May felt less sorrow over her husband’s death than shock and shame at the manner of it. The Victorians loathed and feared suicide, and many ancient superstitions about it still lingered in an Edwardian society on the verge of a more modern age. It had been only a few generations in England since suicides were routinely buried with a stake throug
h their hearts under a crossroads, where it was hoped the traffic would keep their tortured souls from rising and wandering about.
A soldier’s suicide brought dishonor to his regiment and to his family; Cooper’s obituaries in both the local Indian newspaper and the London papers omitted the cause of death. But friends and neighbors of the Coopers and Bunnys knew the truth, and May felt disgraced. She declined to travel to Bengal for Harry’s funeral, and within a few days she moved back into her father’s house.
Frank Bunny treated his daughter no differently as a young widow than he had when she was a child. He continued to dictate her behavior and wouldn’t allow her to read in her room after ten o’clock or leave the house unescorted. “I was virtually held captive,” May said.
She mourned Harry Cooper for a very short time; soon after his death she once again became involved in amateur theatricals, danced at balls, and flirted with handsome young men. She had liked her first taste of champagne, and every so often she’d drink too much of it. Frank was appalled at his daughter’s unwidowlike behavior and tried to keep her in line. But May was now “used to freedom,” as she put it, and she bridled at her father’s restrictions. The only way for her to be free of his “tyrannical orders,” she knew, was to find another husband.

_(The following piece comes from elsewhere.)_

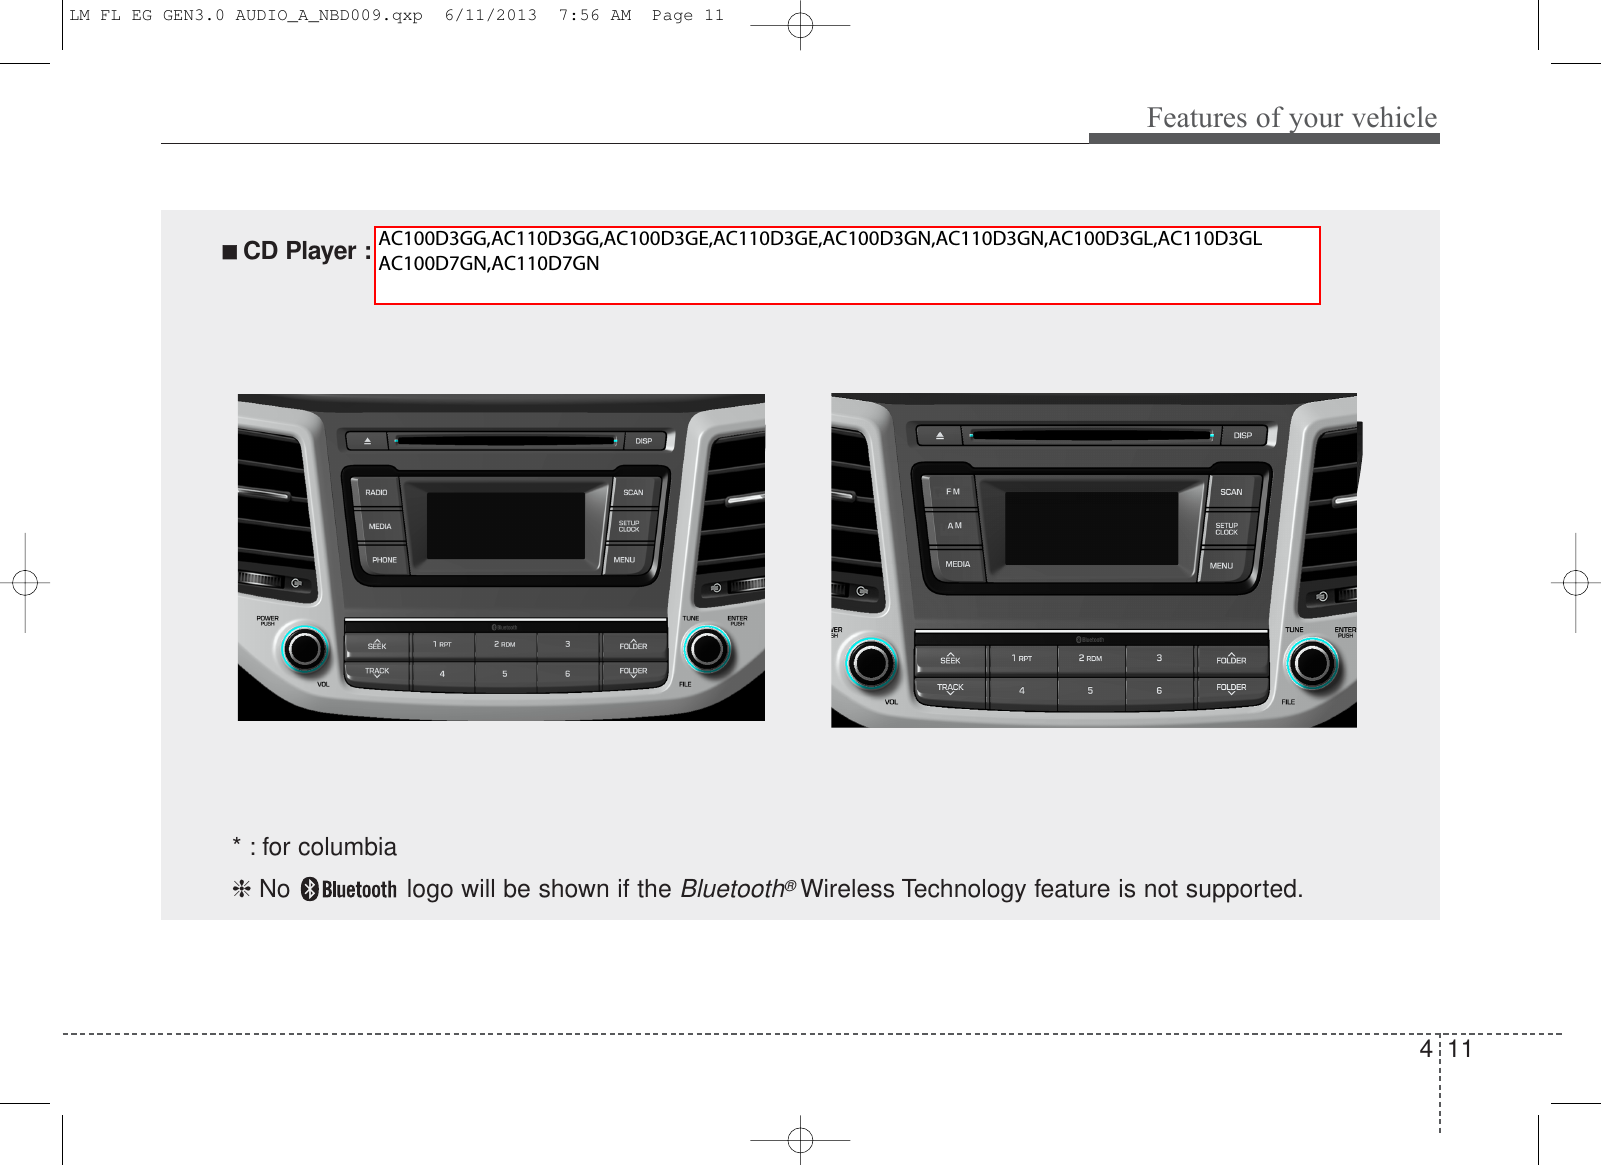 411Features of your vehicle* : for columbia❈ No  logo will be shown if the Bluetooth®Wireless Technology feature is not supported.■■  CD Player : AC100TMGG, AC110TMGG, AC100TMGE, AC110TMGE, AC100TMGN, AC110TMGN,AC100TMGL*, AC110TMGL*LM FL EG GEN3.0 AUDIO_A_NBD009.qxp  6/11/2013  7:56 AM  Page 11AC100D3GG,AC110D3GG,AC100D3GE,AC110D3GE,AC100D3GN,AC110D3GN,AC100D3GL,AC110D3GL AC100D7GN,AC110D7GN

It didn’t take long for a prospect to appear: Ernest Vaughan Aylen, a twenty-nine-year-old captain in the Royal Army Medical Corps. May found the trim, pleasant Aylen “good-looking, clever, and quite bright.” The attraction was mutual.
Later May would inflate Aylen’s stature and describe him as “a fine doctor in Harley Street” who had paid the equivalent of sixty thousand dollars for his exclusive practice. Aylen, however, had gone directly from his hospital internship into the army and never had a Harley Street practice. May would claim that Aylen showered her with gifts — diamonds, horses, ball gowns — but he had no independent means, and such extravagances would not have been possible with his moderate army pay.